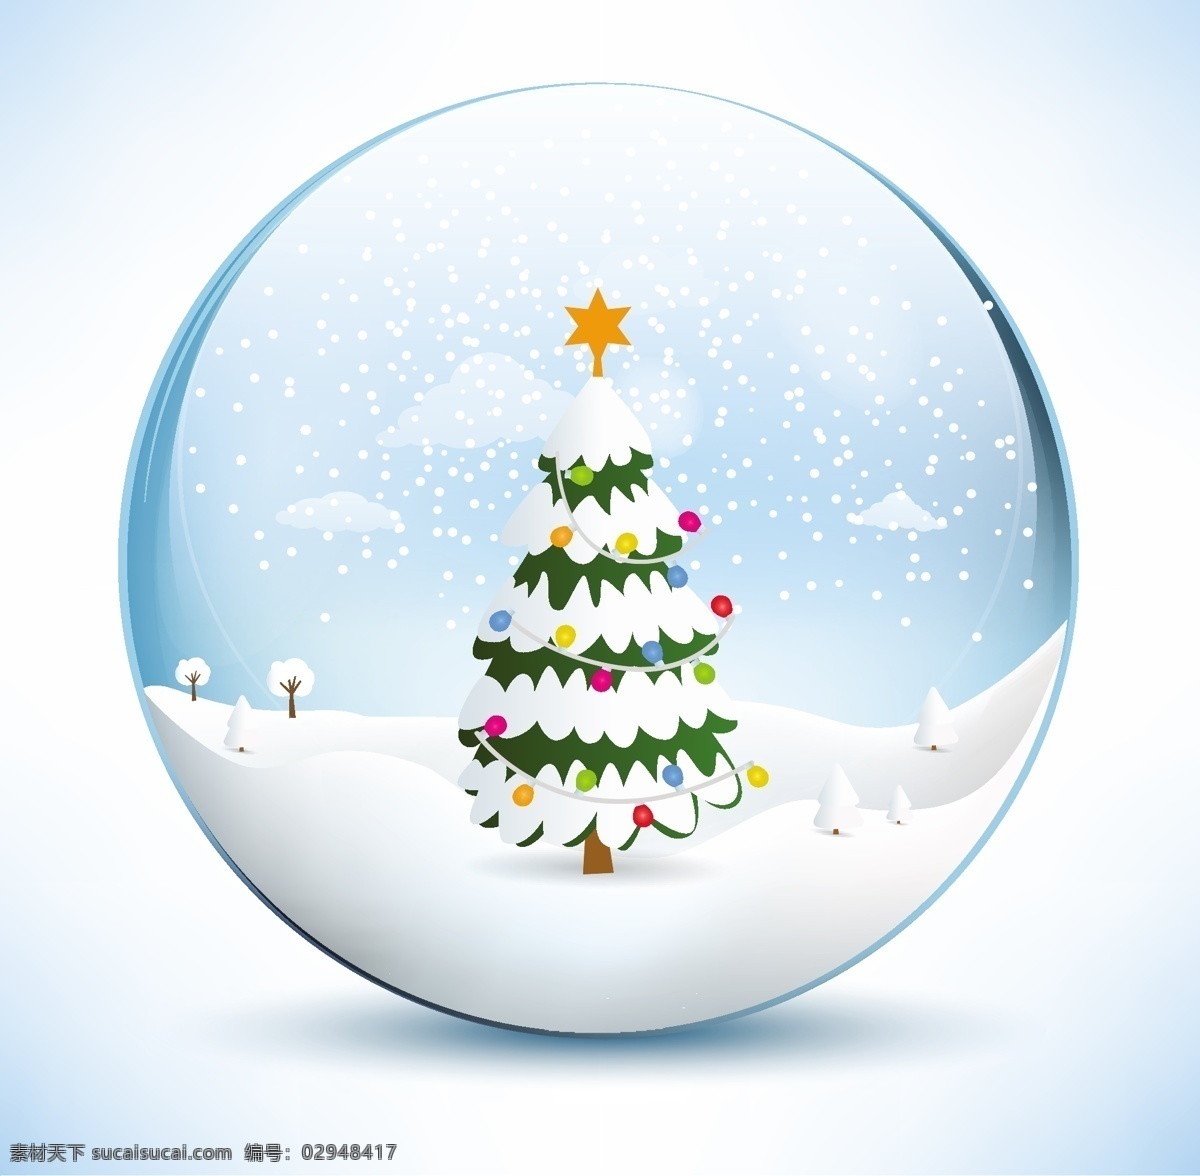 冬季 圣诞 水晶球 矢量
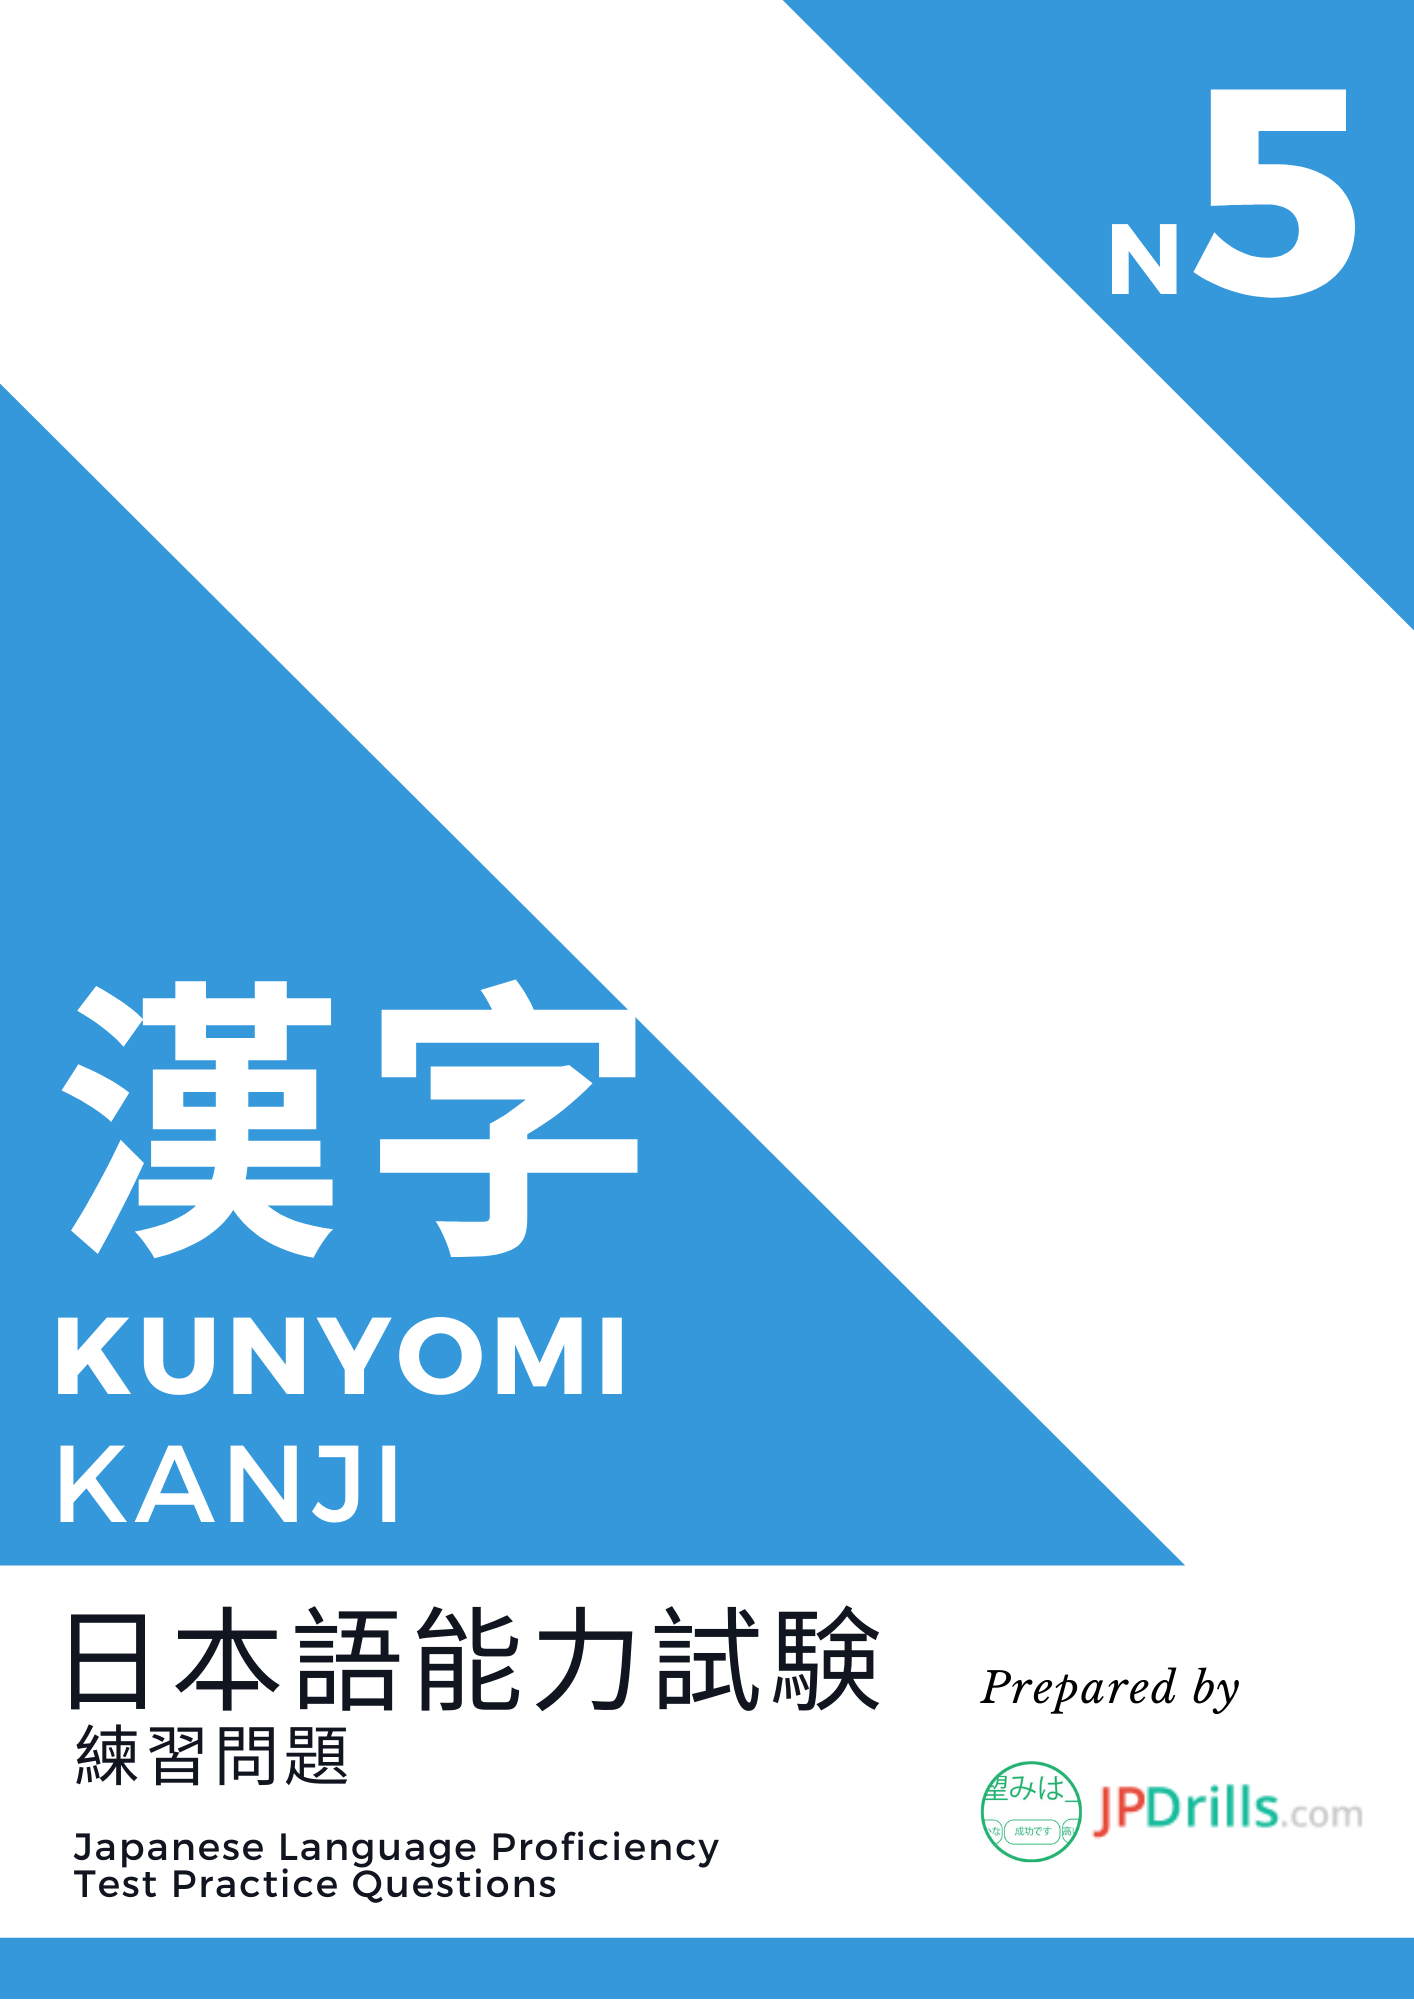 JLPT N5 Kanji (Kunyomi) quiz logo
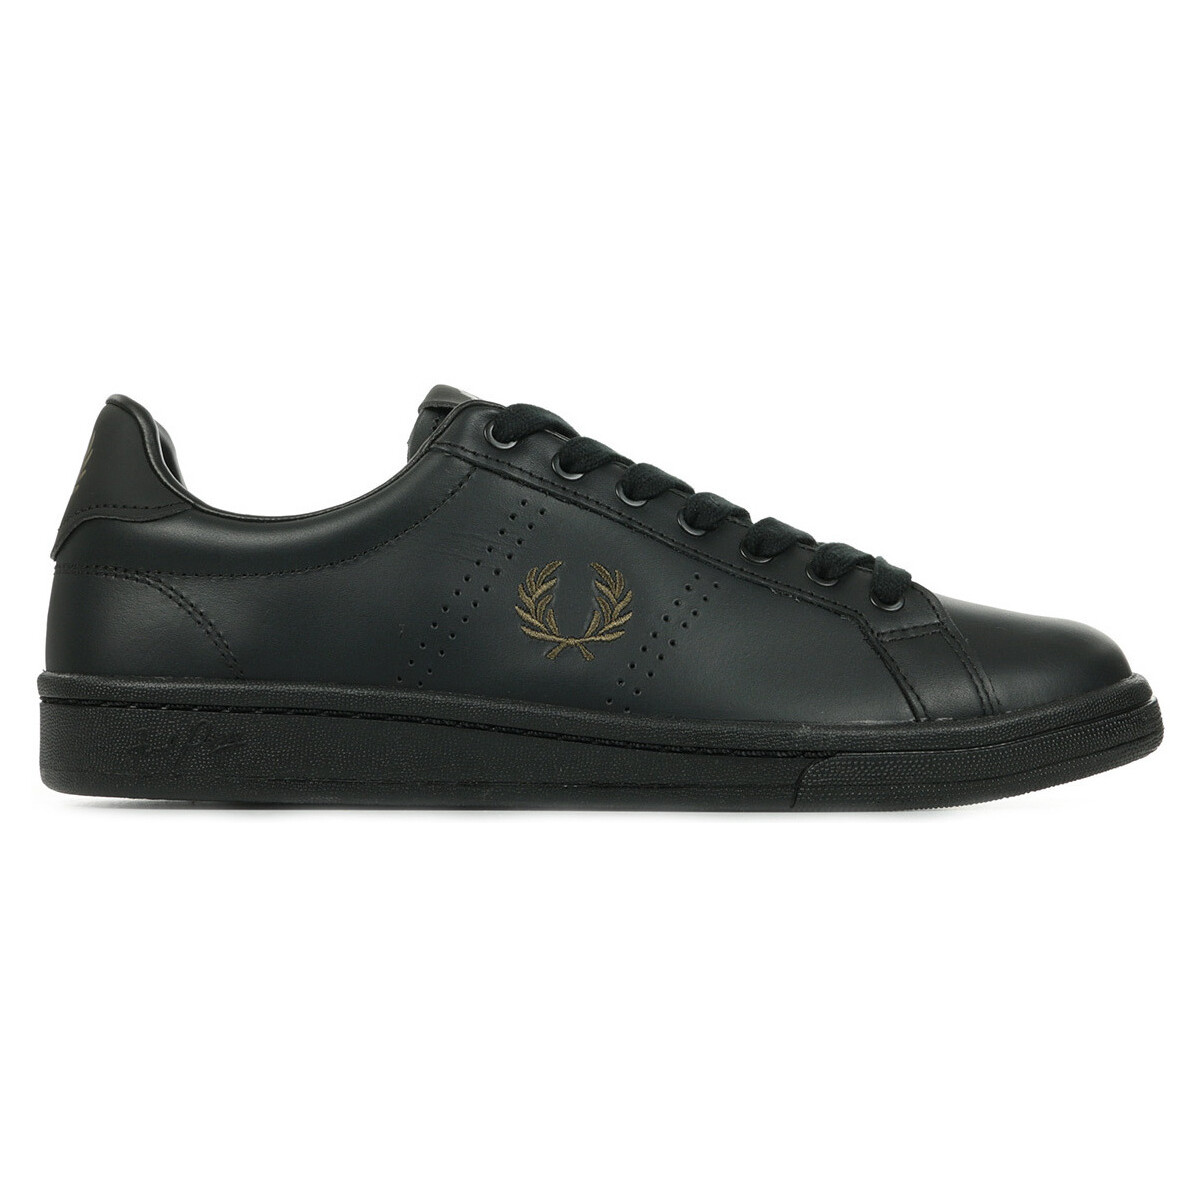 Schoenen Heren Sneakers Fred Perry B721 Leather Zwart

# What to do
What the answer must hold is the exact text of every line from the one containing "JLPT N5 Kanji (Kunyomi) quiz logo" through the end of the data, minus any pictures.

# Solution
 JLPT N5 Kanji (Kunyomi) quiz logo
 Schoenen Heren Sneakers Fred Perry B721 Leather Zwart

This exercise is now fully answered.